(From The Physician Executive, Vol. 35 #1, Jan/Feb 2009, pp 50-53)

Imagine you are an explorer, scouting out new territory, with the help of a local guide – a mathematically-inclined local guide. You come to a river. You ask whether it can be forded: “How deep is it?” He says, “Go ahead. On average, it is only waist deep.” Would you cross the river?

Do you remember the movie “The Matrix?”  On the surface just a wild fantasy adventure story, it was in some ways strangely prophetic.  Early in the film, our young hero Neo is about to extracted from the Matrix of everyday life and plunged into an entirely different reality.  He has taken the “Red Pill.”  His guide, Morpheus, tells him, “The pill you took is part of a trace program. It’s designed to interrupt your input-output carrier signal so that we can keep track of your location.”  Neo asks, “What’s that mean?” A member of Morpheus’s crew answers, “It means ‘Buckle your seatbelt, Dorothy, because Kansas? It’s going bye-bye.’”

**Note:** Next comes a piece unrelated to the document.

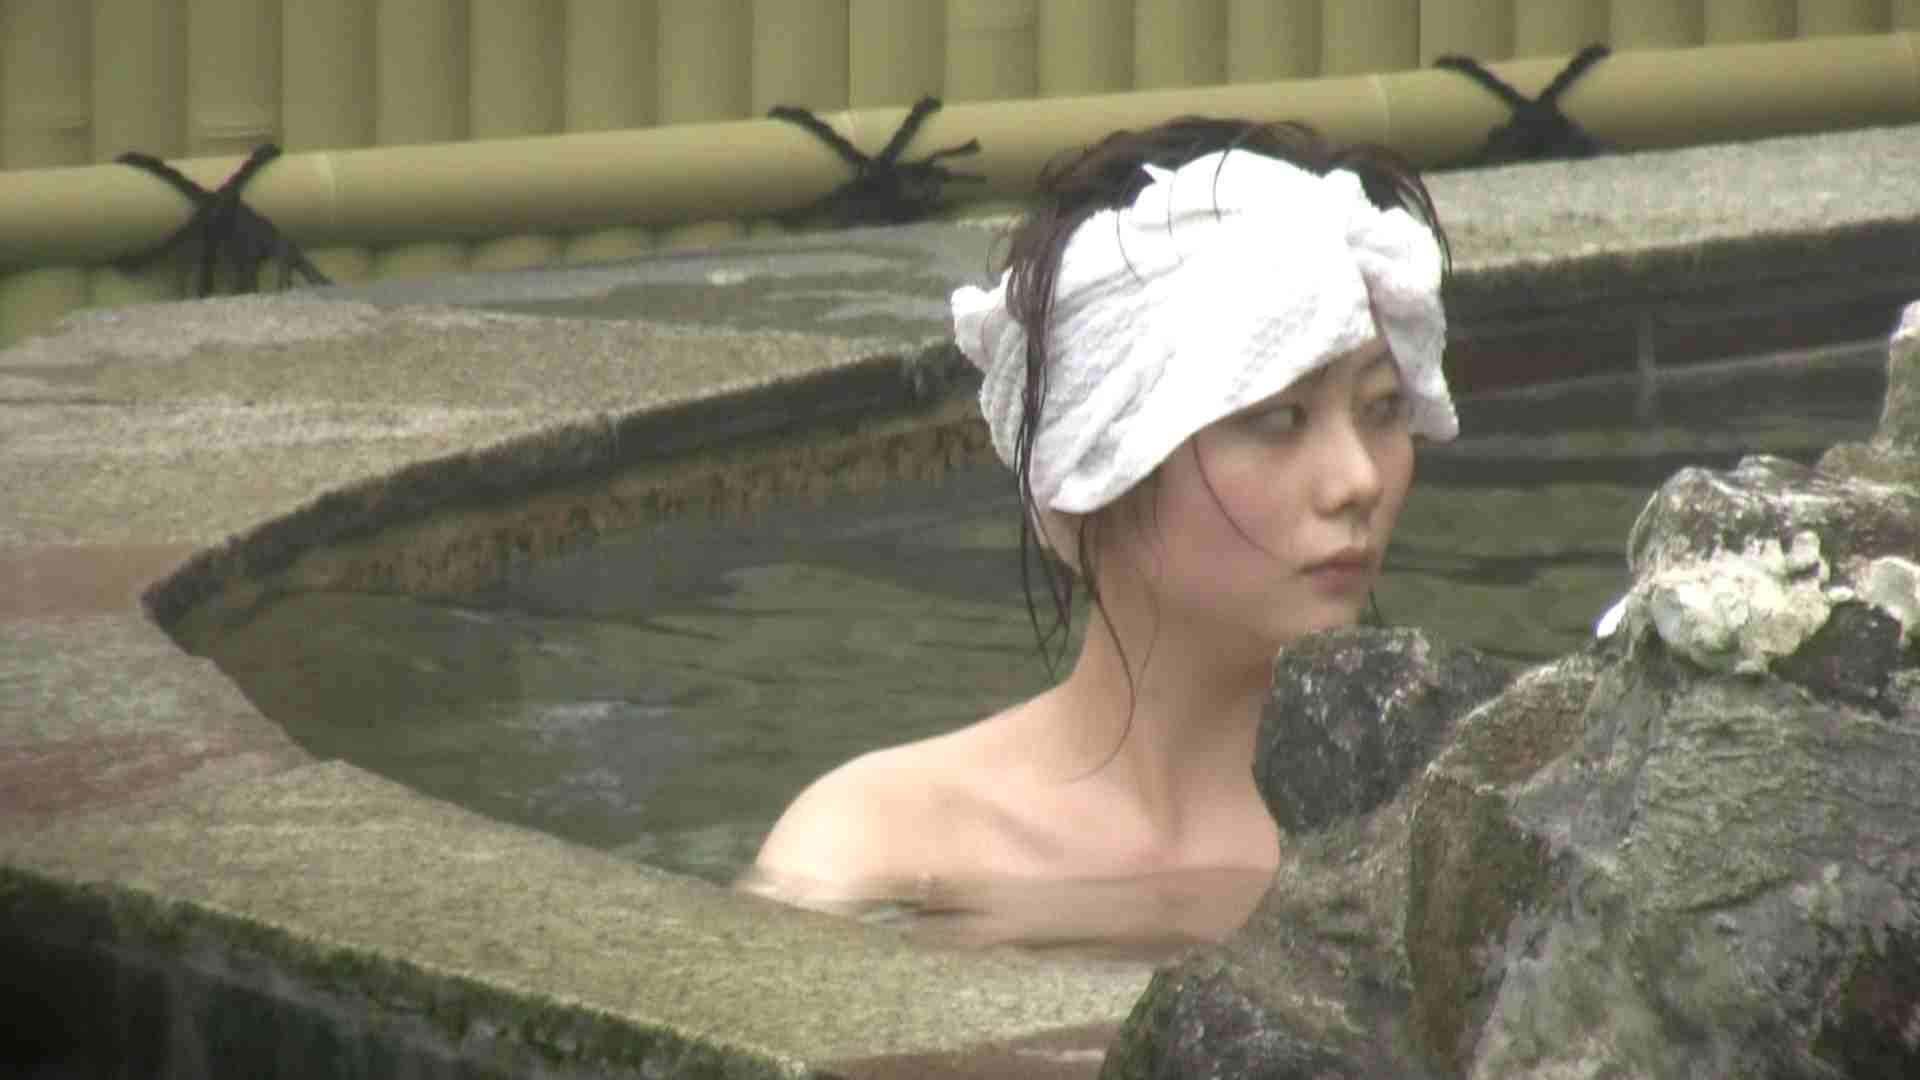 Aquaな露天風呂Vol.147 HなOL | 露天  103pic 44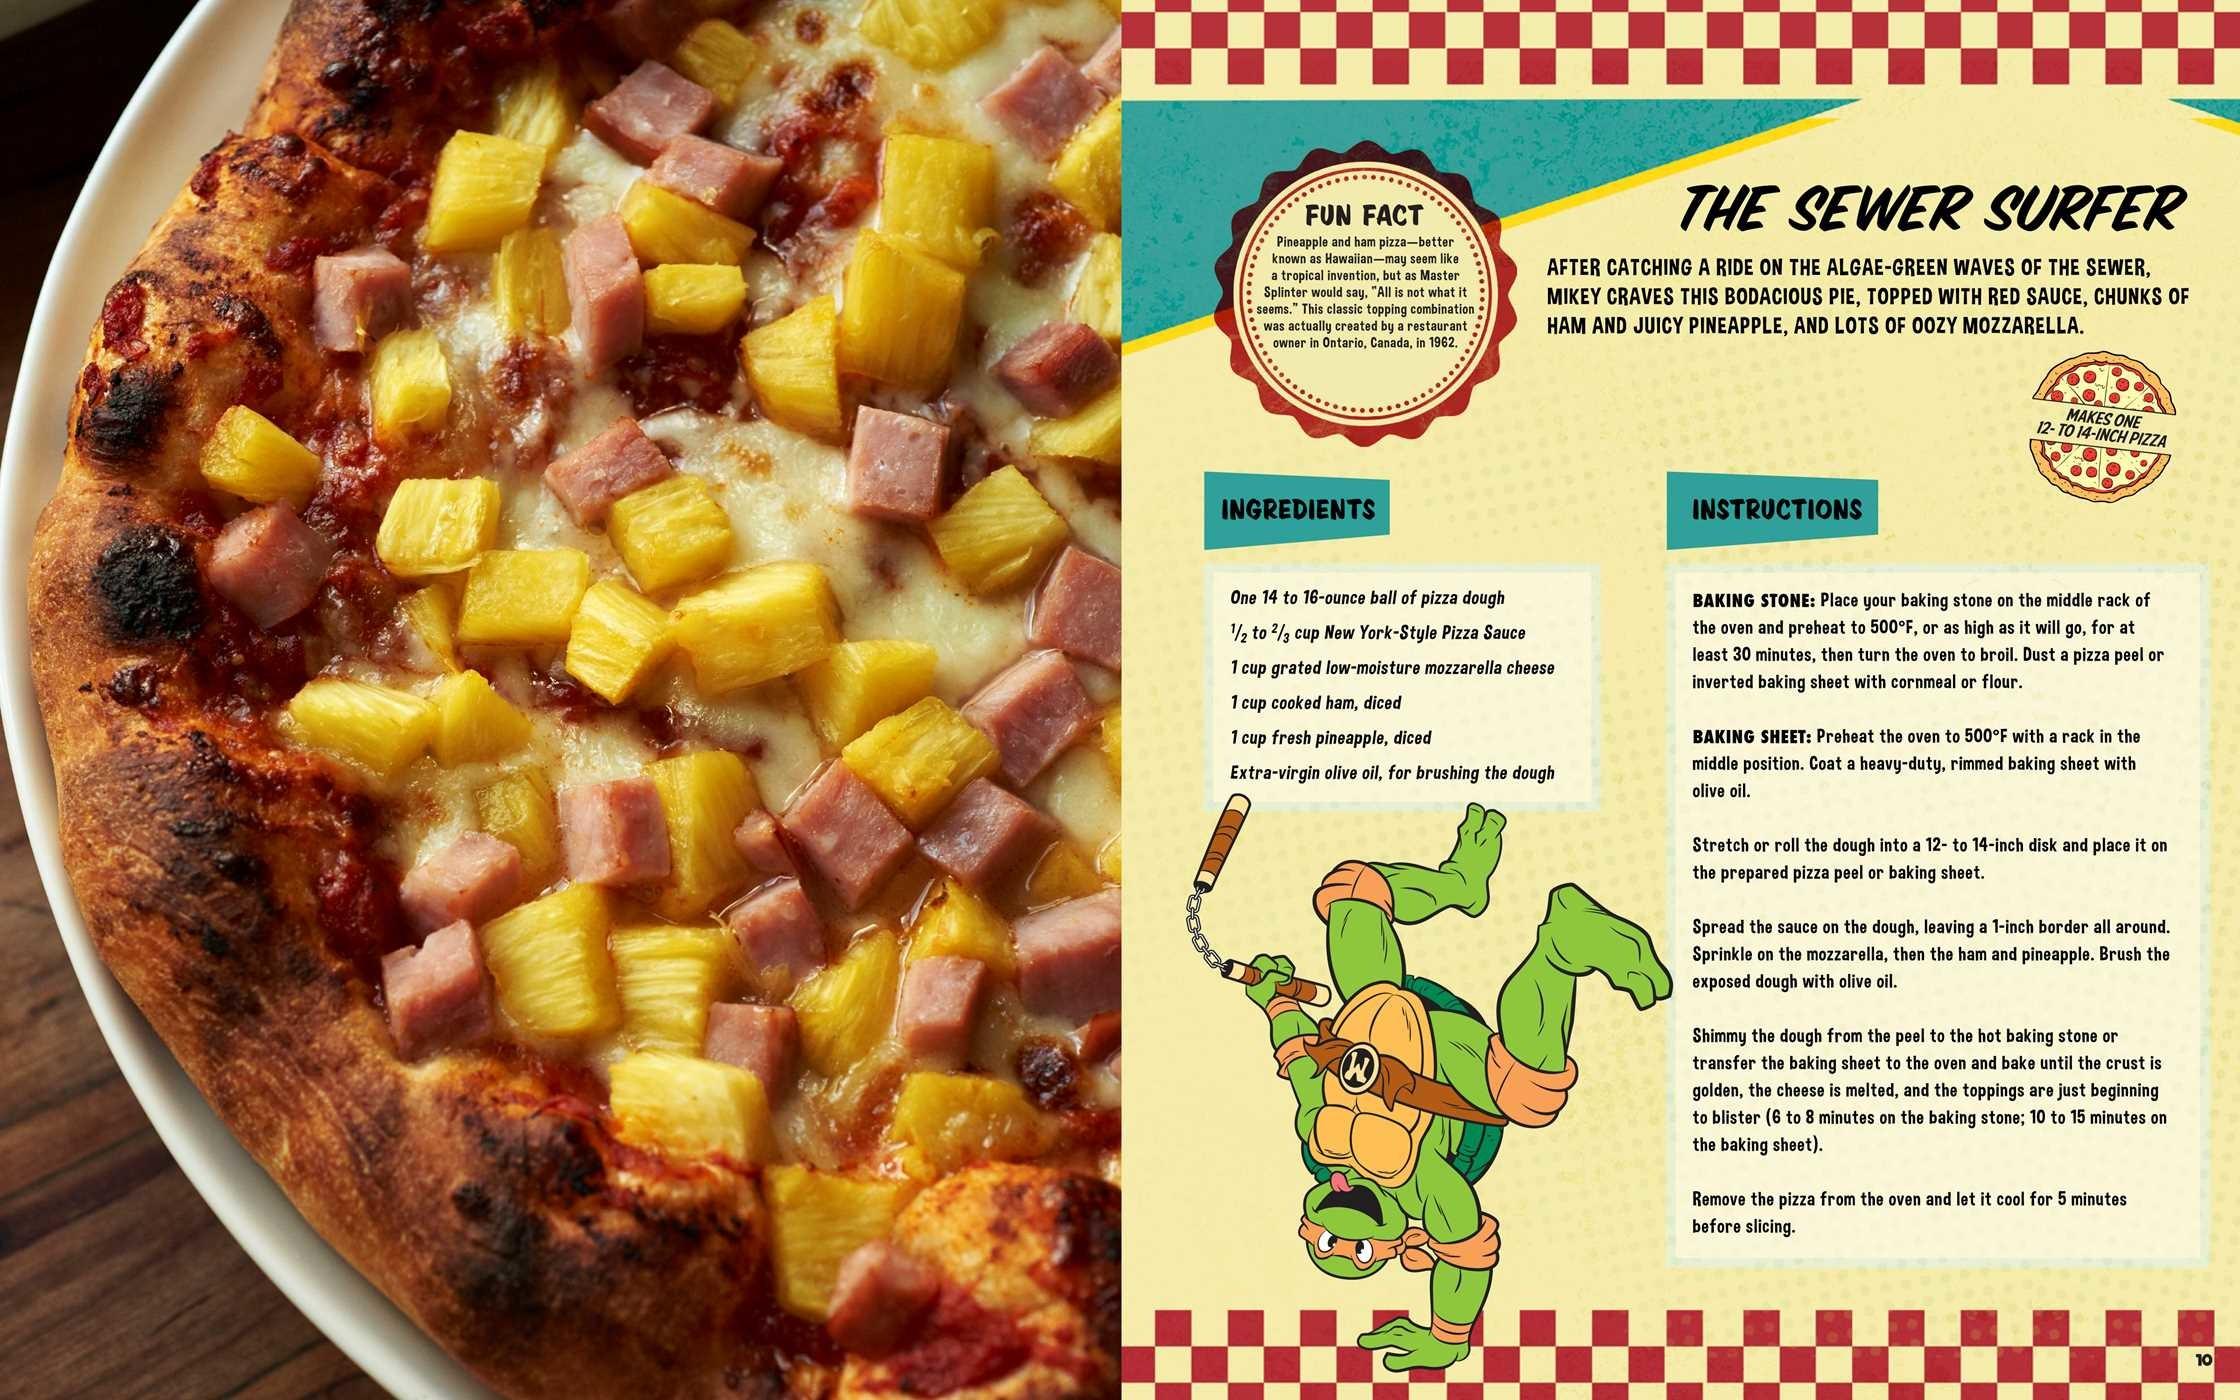 Teenage mutant ninja turtles the official pizza cookbook 9781608878314.in03

Kansas is indeed going bye-bye, if we take “Kansas” as shorthand for life as we know it, business as usual, our expectations and assumptions about what constitutes “normal.”

The election as U.S. president of a Black man with the strange name – Barack Hussein Obama – is but one reflection, one epi-phenomenon of how deeply things are changing, across what a wide array of fronts, and how quickly, around the world. I have here an electoral map of the United States that shows John McCain winning with 510 electoral votes, and Obama losing with only 28. It’s not a fantasy. It’s a picture of what Americans thought in late 2006. A Survey USA poll of 30,000 Americans, 600 in each of the 50 states (a far larger sampling than most political polls), asked among many other things how they would vote if the 2008 election pitted the respected long-time senator who was a war hero and former POW against the untested black junior senator with the Muslim-sounding name. Obama won Illinois, Hawaii, the District of Columbia – and nothing else.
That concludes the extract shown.